For old books and newspapers it is often not possible to remove the binding before digitizing the individual pages. This often results in distorted pages images due to the warping implied by the books binding (Figure 1).

Figure 1: A scanned book page with page curl

Other reasons for distorted pages can be environmental conditions like humidity (which can cause page shrinking over time) or a wrong camera setup.
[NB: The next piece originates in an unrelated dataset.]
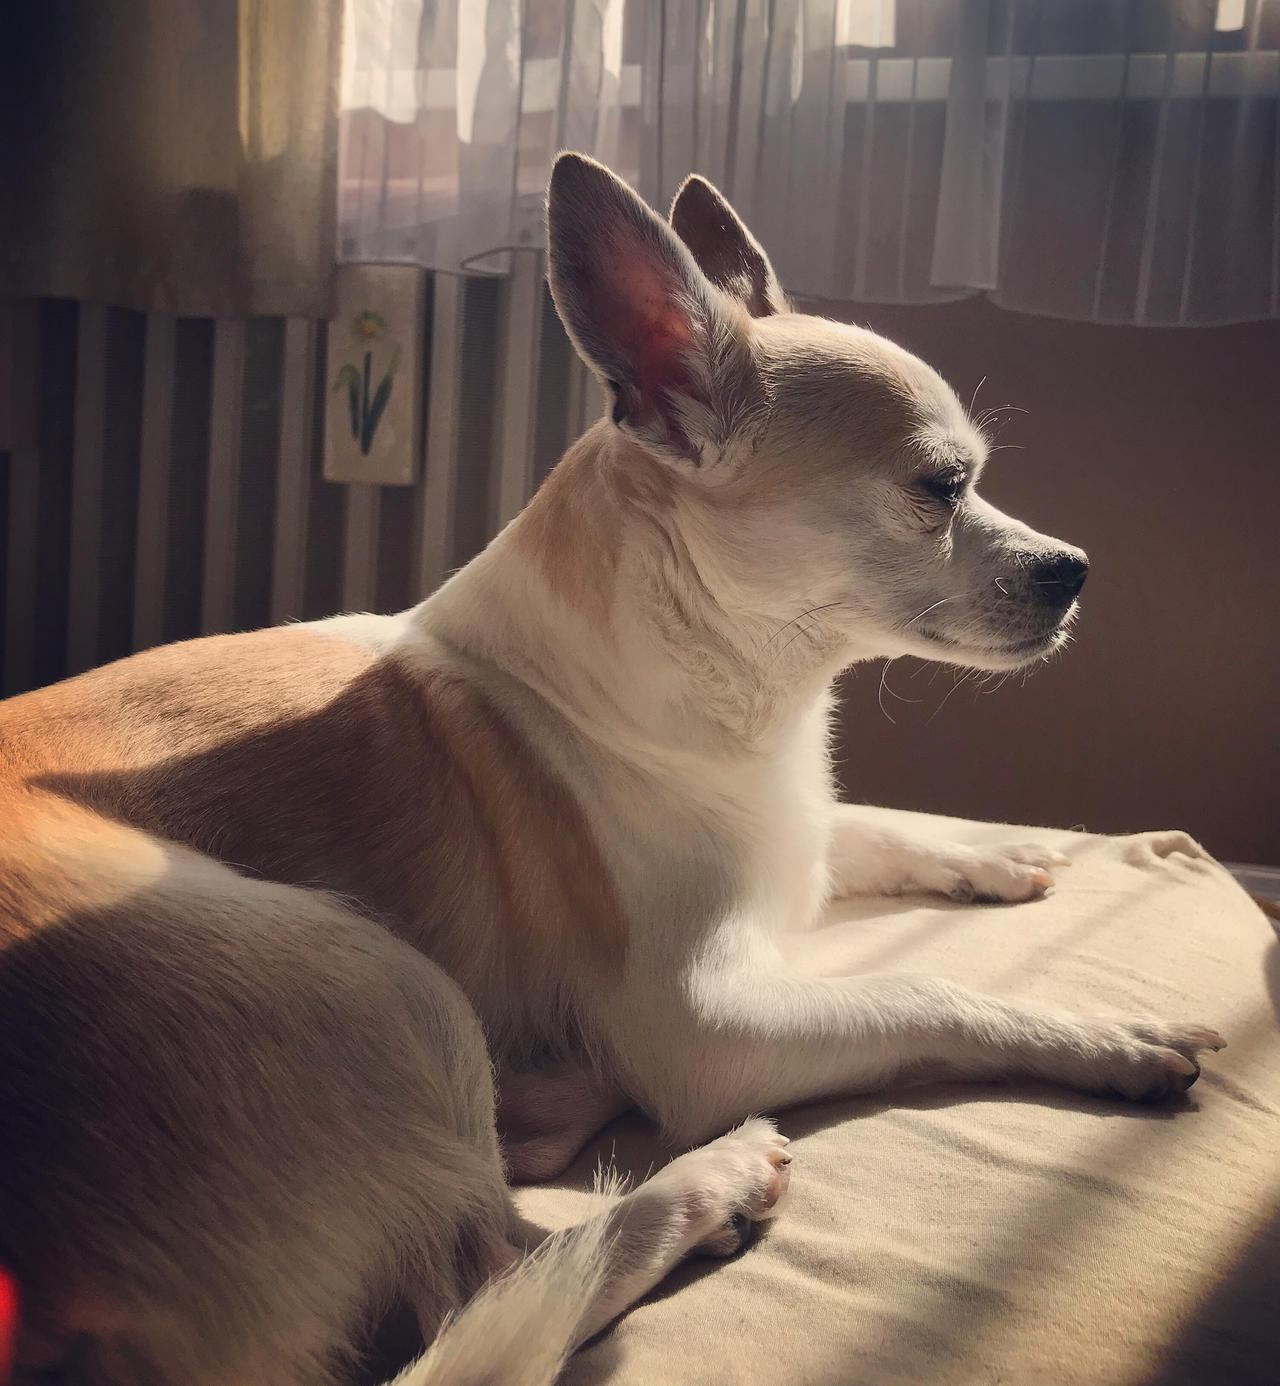 molly sun

The Page Curl Correction is a command-line tool capable of detecting such distortions and correcting them automatically. This can significantly improve the results of a subsequent text recognition step since most OCR algorithms neglect this kind of distortion. More information about the tool can be found here: [1]

Requirements

Operating system Windows
Hardware dependencies -
Software dependencies -

Non-technical requirements

Page Curl Correction does not have a graphical user interface (GUI) and therefore requires some basic knowledge on how to use and execute the command-line programs.

Licensing

The tool is produced by the Computational Intelligence Laboratory, Institute of Informatics and Telecommunications, National Center for Scientific Research "Demokritos" (NCSR). For more information on terms and conditions to use the tool, please contact [2].

Usage

Installation

Files

Filename: Page_Curl_Correction_setup.exe

Description: Installation wizard for installing the tool on a Windows system.

Installation Instructions

Page Curl Correction comes with an installer wizard that guides the user through the installation process (It is currently available for Microsoft Windows only). The wizard extracts the installation package to your local C:\ drive.

Quick Start Guide

To get started with the Page Curl Correction tool just choose a sample image and try one of the examples in the “Examples” section. A description of the parameters for the configuration of the tool can be found in the following section.

Documentation

Configuration and Customization

The Page Curl Correction tool can be configured using command-line parameters. The most important parameter is the one for controlling coarse or fine-grained rectification. Coarse-grained rectification is a computationally low cost transformation which addresses the projection of a curved surface (the original page) to a 2D rectangular area (the scanned image). Fine-grained rectification is a more advanced technique based on text line & word segmentation (See [3] for more information).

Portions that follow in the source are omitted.